[Input data — start]

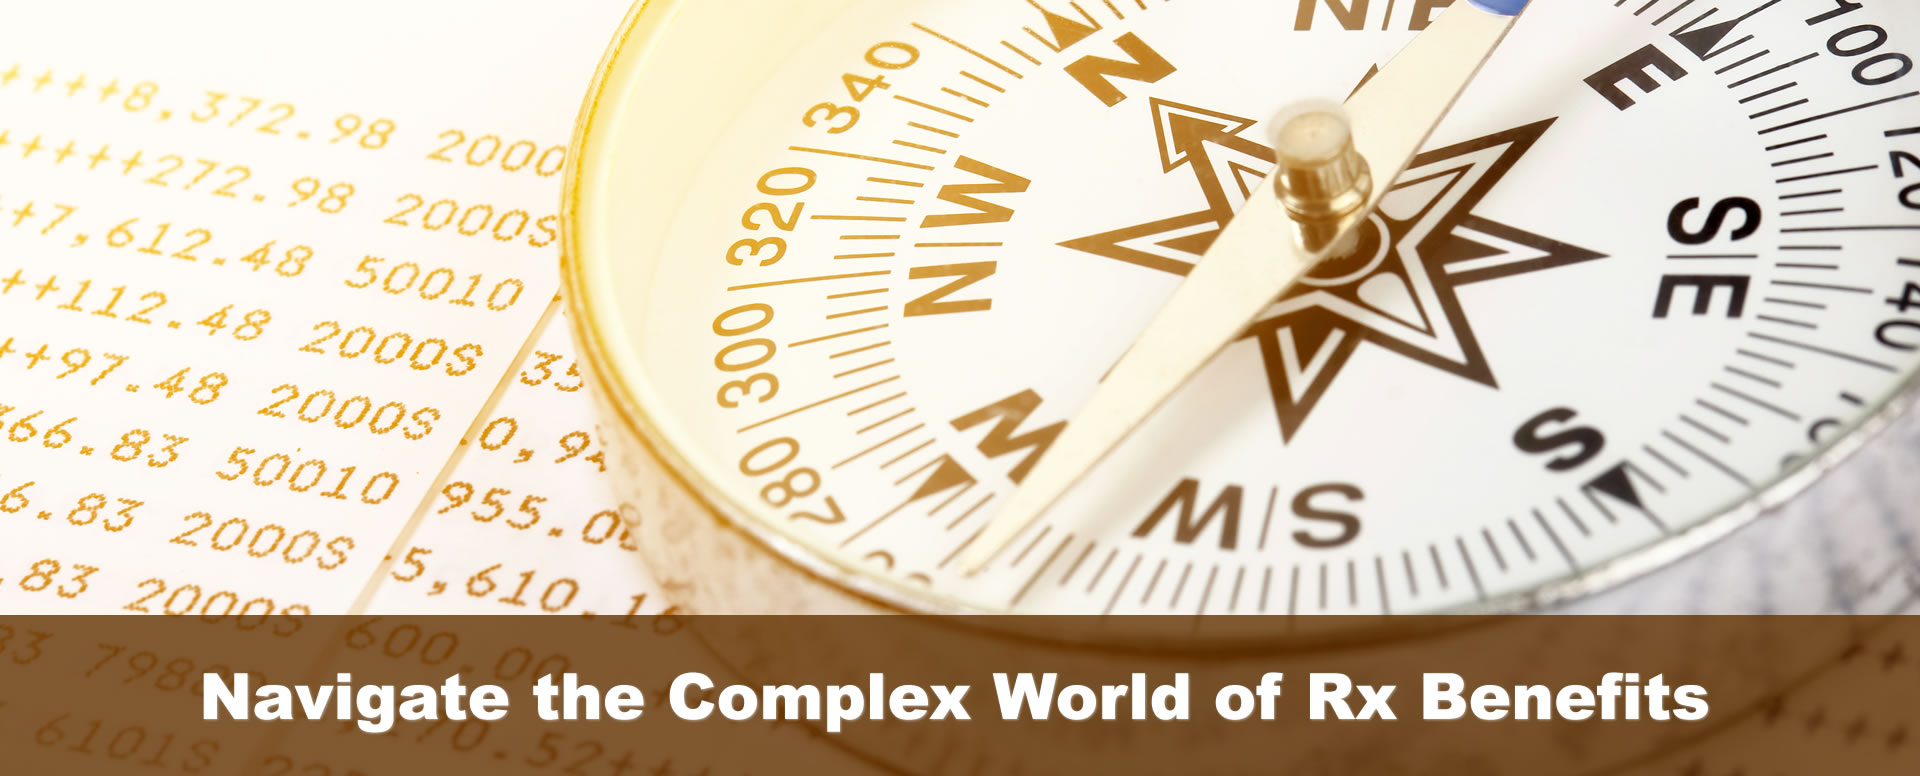 Navigate the Complex World of Rx Benefits
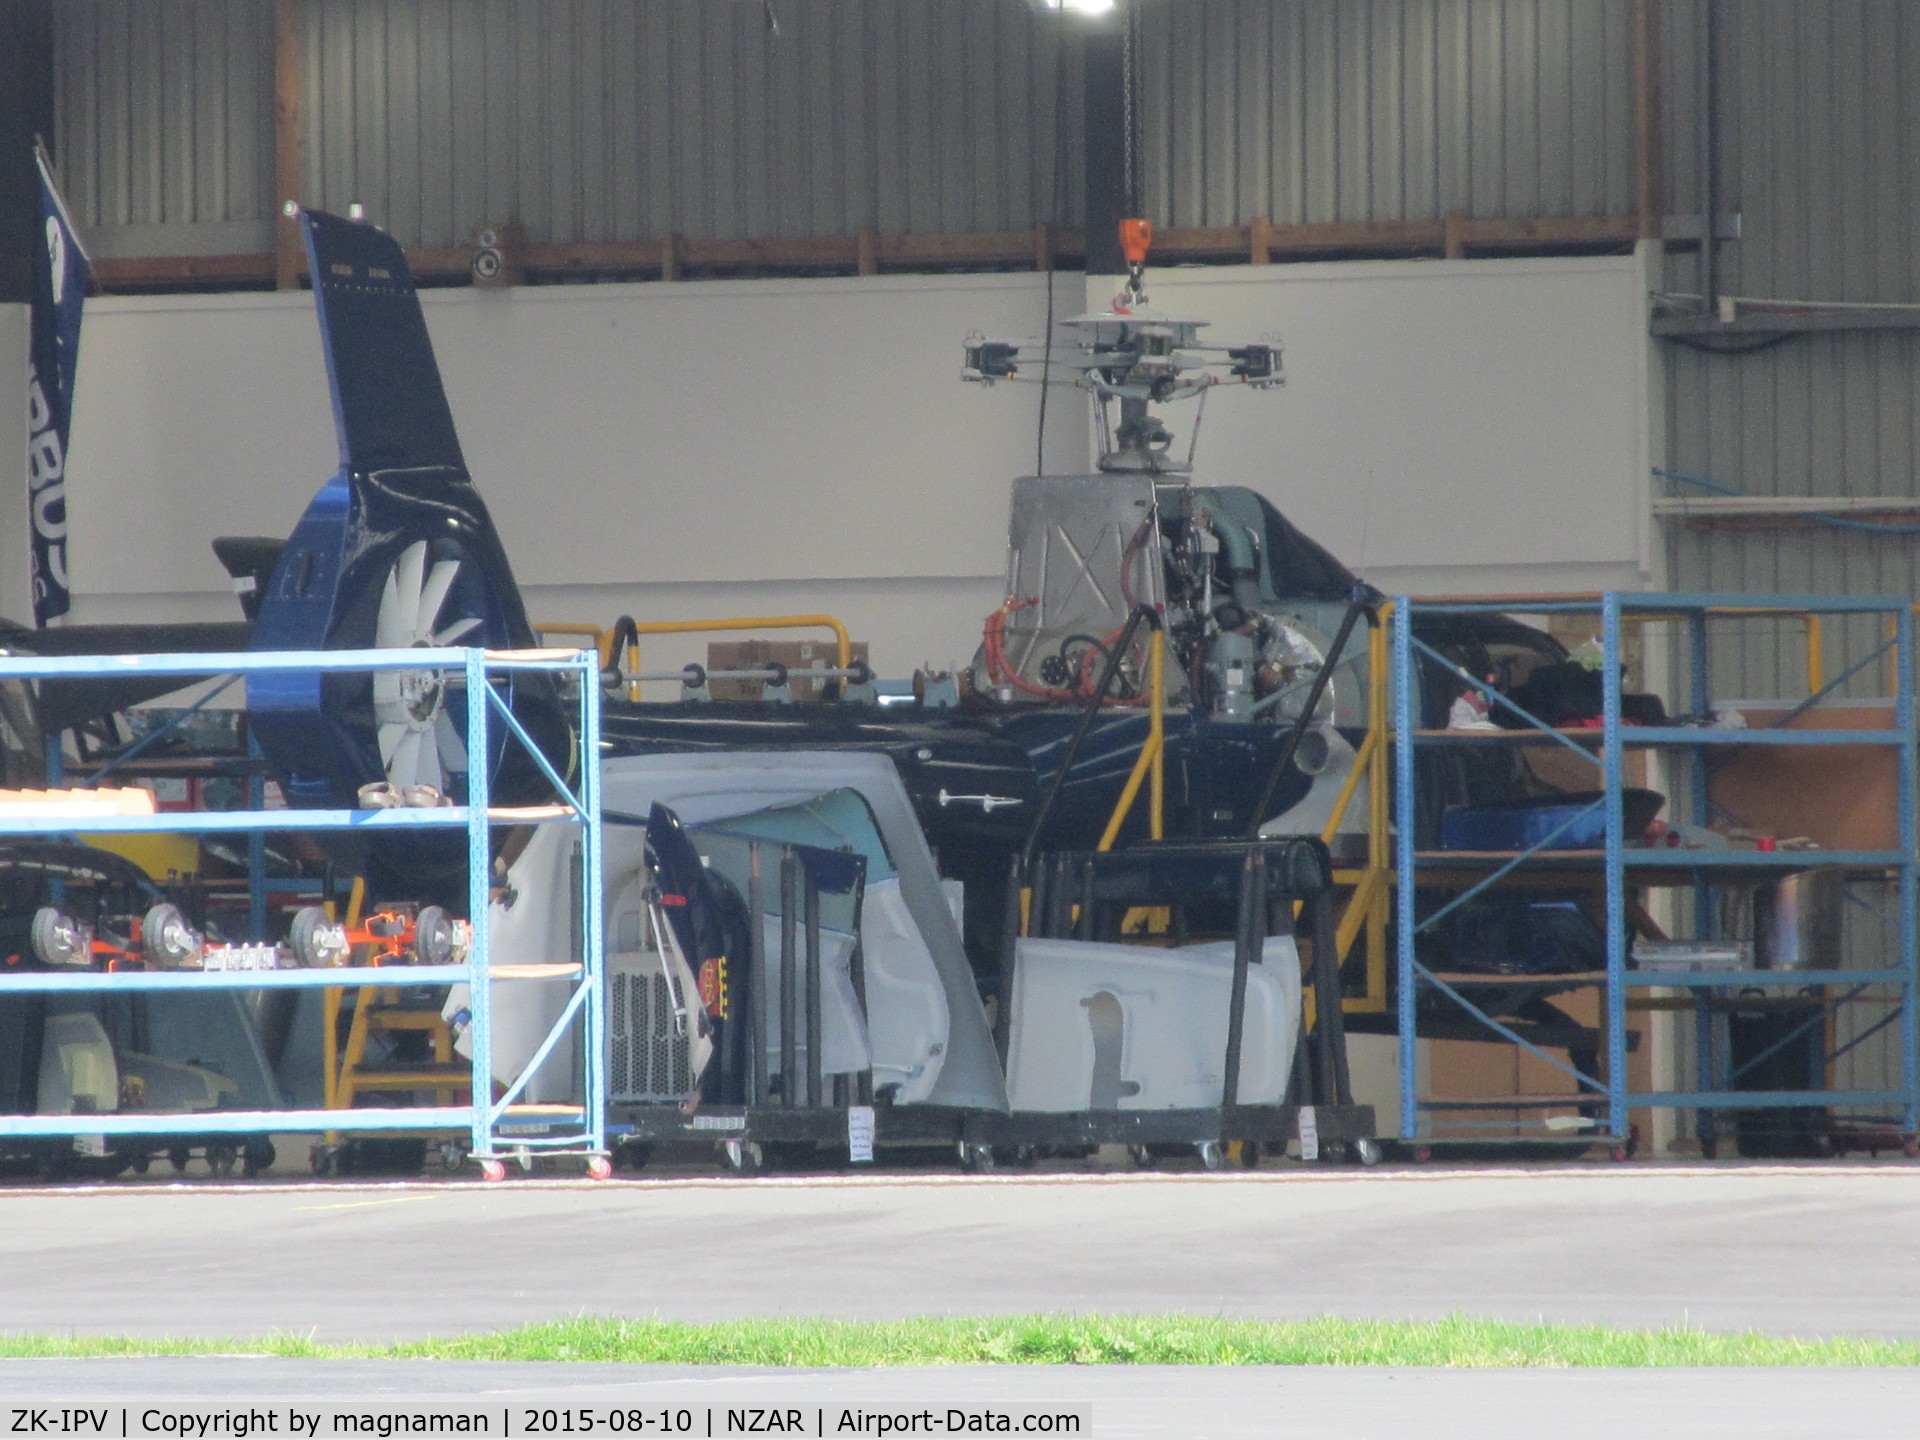 ZK-IPV, 2015 Airbus Helicopters EC-130T-2 C/N 8145, undergoing maintenance in airbus hangar
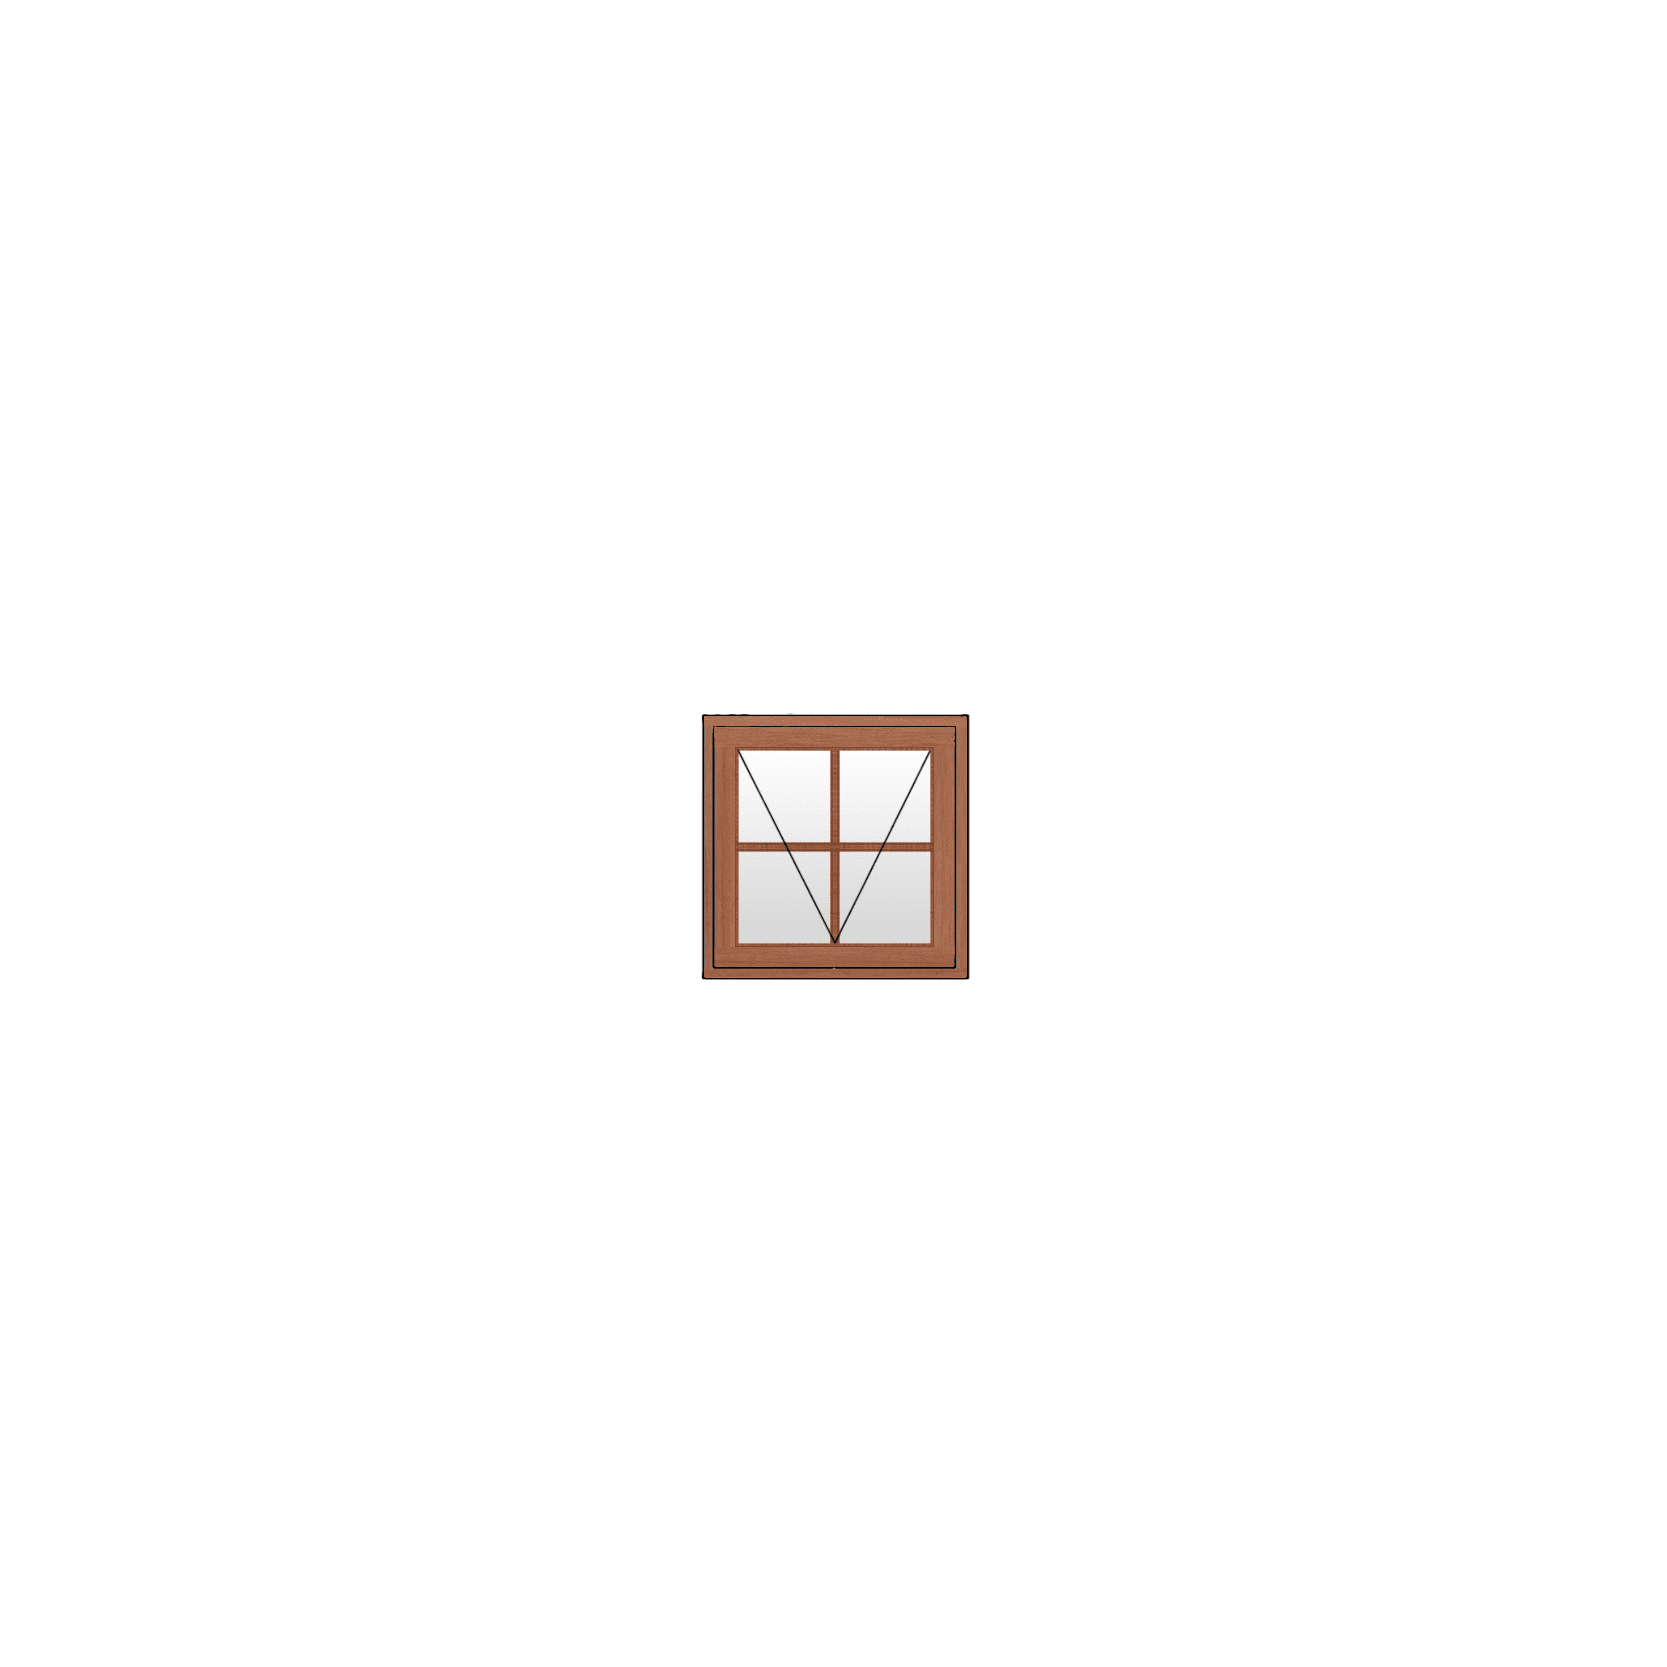 wooden cottage pane window frame

[Input data — finish]

Drop the pictures and reproduce the rest of the data above exactly.

• [Exercise answer]
 Navigate the Complex World of Rx Benefits
 ZK-IPV, 2015 Airbus Helicopters EC-130T-2 C/N 8145, undergoing maintenance in airbus hangar
 wooden cottage pane window frame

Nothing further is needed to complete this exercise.